そこで、どのようにして仏壇の引越しをスムーズに行えばいいのかについて解説していきます。

そのまま引越しをしてはいけない

引越しでの仏壇の取り扱いについて「自分でしてもいいのか」「買い替えは可能なのか」「分解はできるのか」などのように、さまざまな疑問が思い浮かびます。通常の荷物とは違うため、取り扱い方法が分からないのです。

ただ、何も手続きしないまま引越し業者や自分が仏壇を動かすのはタブーとされています。前述の通り、仏壇には仏さまやご先祖様の魂が宿っているからです。仏壇にそうしたものが宿っている状態のまま、移動させてはいけません。

そこで、供養をすることになります。お寺のお坊さんをあなたの家に呼び、お経を唱えてもらうことによって仏壇から魂を抜くのです。これを、魂抜き(たましいぬき)やお性根抜き(おしょうねぬき)、閉眼法要(へいがんほうよう:別名で閉眼供養)といいます。

魂抜きやお性根抜きをすることによって、仏壇は単なる箱(魂が宿っていない単なる道具)になります。この状態であれば、家の外に持ち出して運搬したり、分解・廃棄処分したりしても問題なくなります。当然、新しい仏壇に買い替えをしても問題ありません。

そして、こうした手続きをすれば後は仏壇をどのように取り扱っても問題なくなります。「魂抜きをしない」という考え方をしてもいいですが、その後にどのような厄災が降りかかっても文句を言 えなくなります。

引越しや買い替え、廃棄処分などに伴って魂抜き・お性根抜きをするという考え方はあらゆる仏教の宗派で共通しています。

  • 浄土宗
  • 曹洞宗
  • 真言宗
  • 日蓮宗
  • 創価学会

なお、浄土真宗本願寺派や浄土真宗大谷派 (真宗大谷派)など、浄土真宗では基本的に魂やお性根などの概念はありません。

その代わりとして、入仏法要(にゅうぶつほうよう)や遷仏法要(せんぶつほうよう)などの考え方があります。遷仏法要については、自宅にあるご本尊を引越しや修理する際、一時的に移動させるときに行う法要(仏教上の儀式)になります。

要は、浄土真宗であってもお寺のお坊さんを家に招き入れ、お経を唱えてもらう必要があるのです。そのため、基本的にどの宗派であっても家にお坊さんを呼ばなければいけないと考えてください。

・神棚も考え方は同じ

ここでは仏壇について解説していますが、神棚についても基本的な考え方は同じです。神棚には神様が宿っているため、神主さんを呼んで精を抜いてもらうようにします。その後、引越しをするのが正しい手順になります。

仏壇引越しで必要な順番を理解する

それでは、実際の仏壇引越しではどのような順番になるのでしょうか。これについては、以下のようになります。

  1. 魂抜き・お性根抜きをしてもらう
  2. 仏壇を移動させる
  3. 魂入れ・お性根入れをしてもらう

順番としては、引越しの前までにお寺のお坊さんをあなたの家に呼び、魂抜き・お性根抜きをしてもらうようにしましょう。これにより、仏壇が単なる家具と同じようになります。

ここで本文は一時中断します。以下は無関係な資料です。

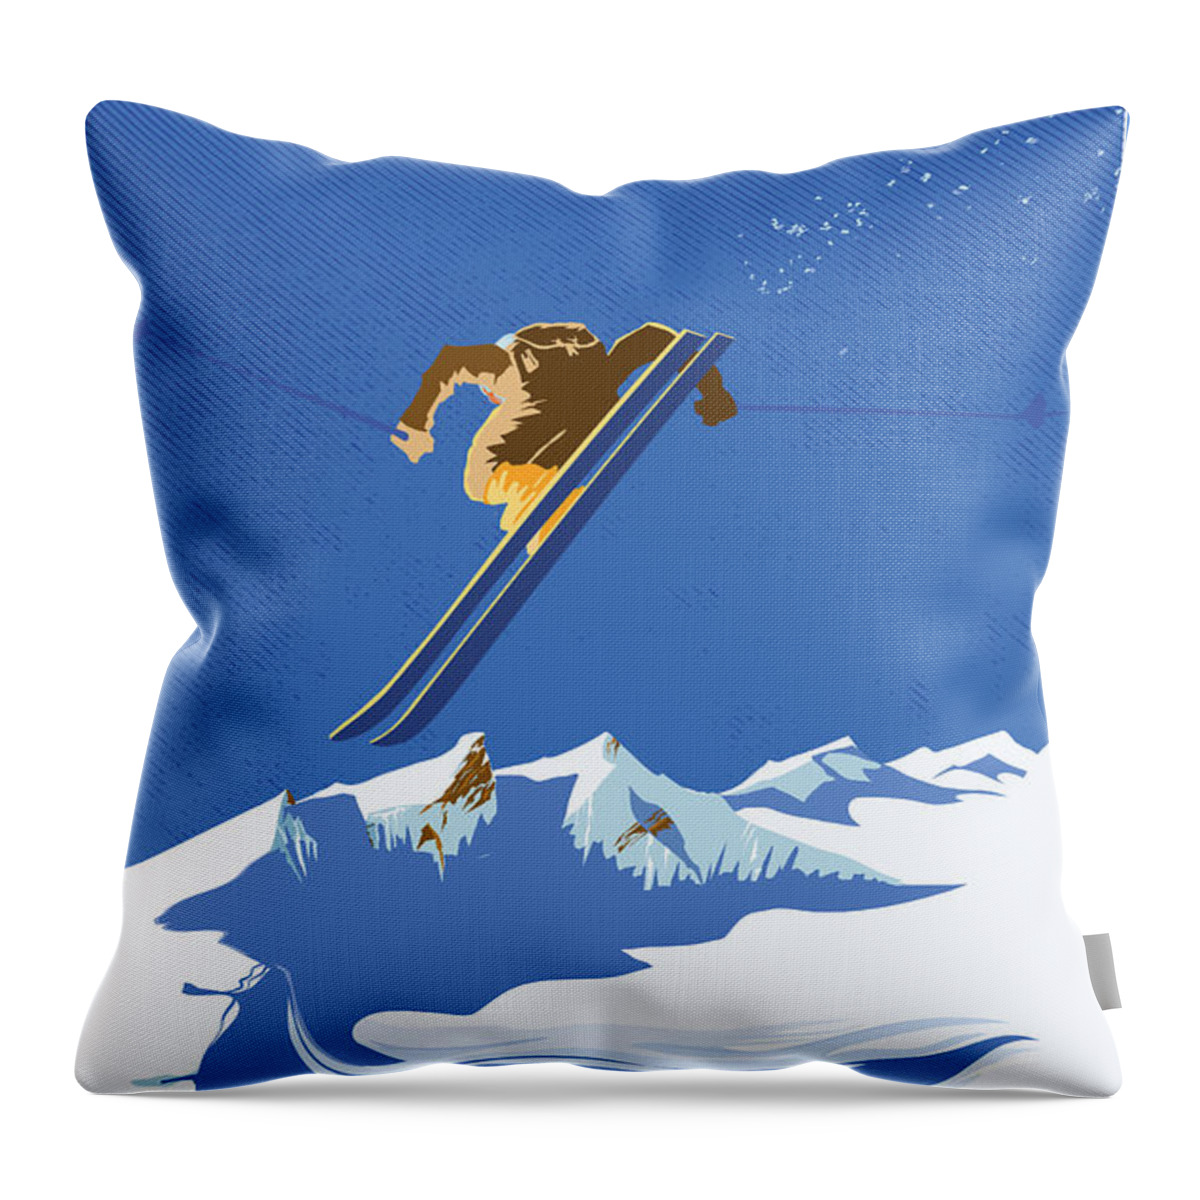 Ski Throw Pillow featuring the painting Sky Skier by Sassan Filsoof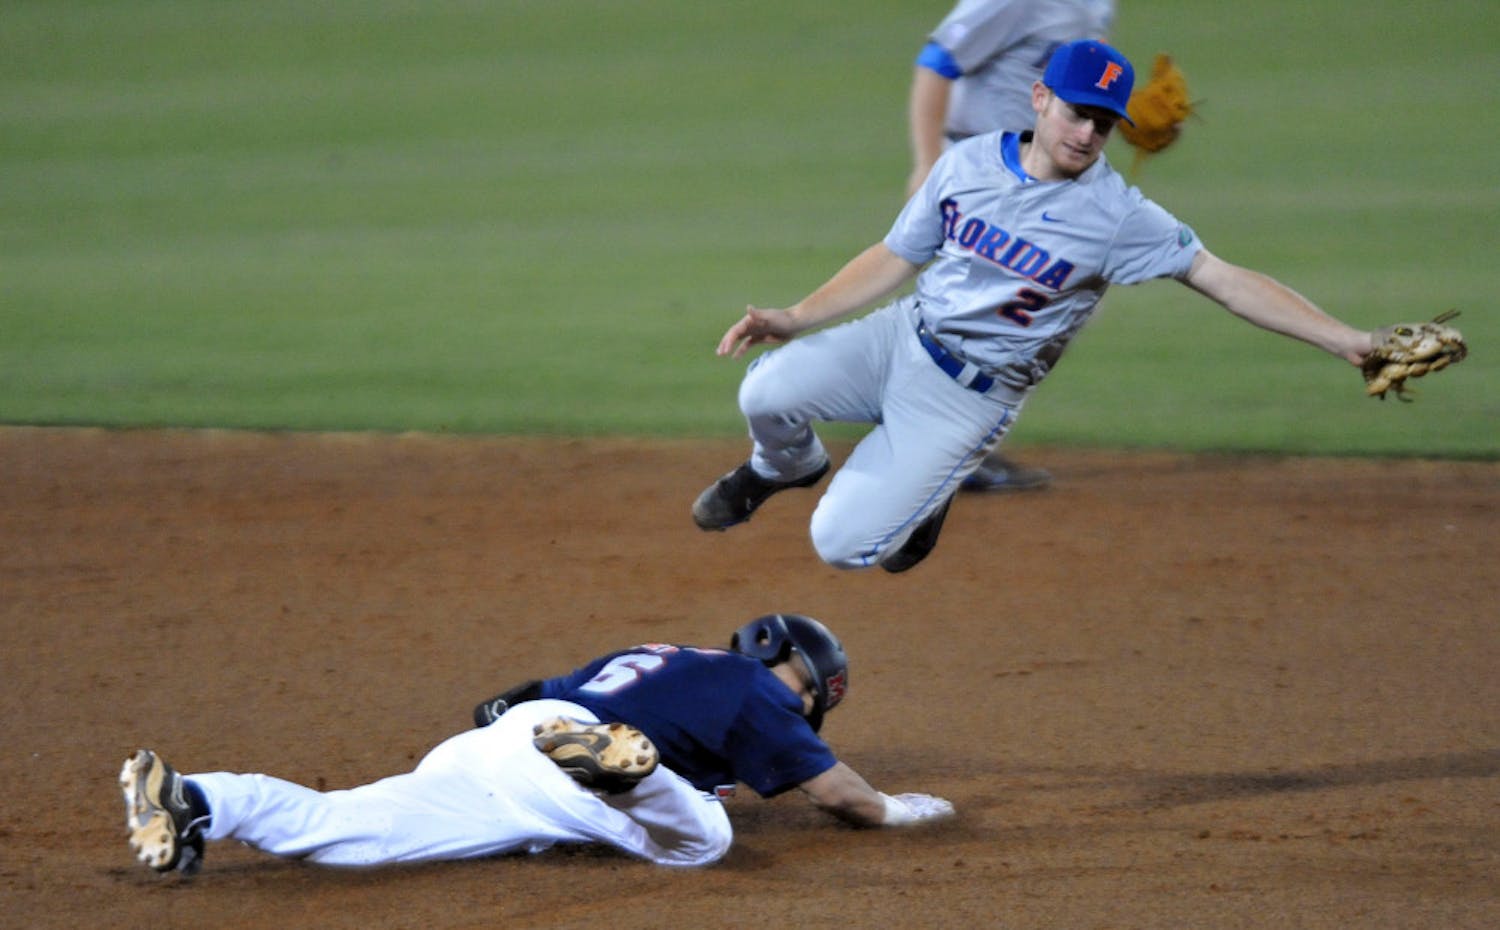 Mississippi's Blake Newalu (6) steals second as the ball gets past Florida's Caey Turgeon (2) during a college baseball game in Oxford, Miss. on Friday, March 30, 2012. (AP Photo/Oxford Eagle, Bruce Newman)

その後、引越し業者へ依頼して仏壇の移動をお願いすることになります。仏壇は非常に大きく、重いことがほとんどなので自分で行ったり、分解して持ち運んだりはしません。引越しを行う会社に依頼することになります。

このとき、以下のように丁寧に梱包してもらうことになります。

特に分解などをすることはなく、そのままの状態で運搬作業が進められていくようになります。仏壇専門の引越し業者に依頼して「仏壇だけを運んでもらう」などのような非効率なことをしなくても問題ありません。事前に魂抜きだけしてもらっていれば大丈夫です。

「アート」「日通」「サカイ」「アリさん」「クロネコヤマト」を含め、どの業者でも仏壇引越しを行ってくれます。訪問見積もりのときに営業マンから「事前の供養は済ませてくださいね」と助言されますが、それらをきちんと守っていれば普通の荷物と同じように運ばれるようになります。

そうして新居に仏壇を移動させた後、後日でいいので再びお寺のお坊さんを家に呼ぶことになります。このときに魂入れ・お性根入れをしてもらい、再び仏壇に魂を宿すようにしましょう。

・同じ家の中の移動ならお坊さんが不要

なお、引越しに伴って仏壇の移動を行うとき、「家の外に仏壇を持ち出すケース」ではお坊さんを呼ぶ必要があります。そのため、「新築家屋へ引越しをする」「賃貸マンションの住所を変える」「同じ家の敷地内だが、離れの小屋に移動させる」などでは魂抜きをした後の移動になります。

一方で「リフォームにより、同じ家の1階から2階へ移動させる」「少しだけ位置をズラし、部屋の模様替えをする」などのように、同じ屋根の下だけで仏壇を移動させる場合はお坊さんを呼ぶ必要はありません。引越し業者に依頼したり、自分で仏壇を運んだりすれば問題ないです。

引越し前に位牌や仏壇周辺を整理する

なお、仏壇本体と同様に注意が必要なものとして位牌があります。仏壇には必ずといっていいほど、位牌があります。位牌は故人の魂が宿る場所と呼ばれています。

このとき、既に寺のお坊さんを呼んで供養をしているのであれば、荷造りのときにこうした位牌を取り出してダンボールへ詰めても問題ありません。魂が抜かれているため、単なる仏具になっているからです。

そこで、以下のように位牌を取り出した後、そのまま梱包していきましょう。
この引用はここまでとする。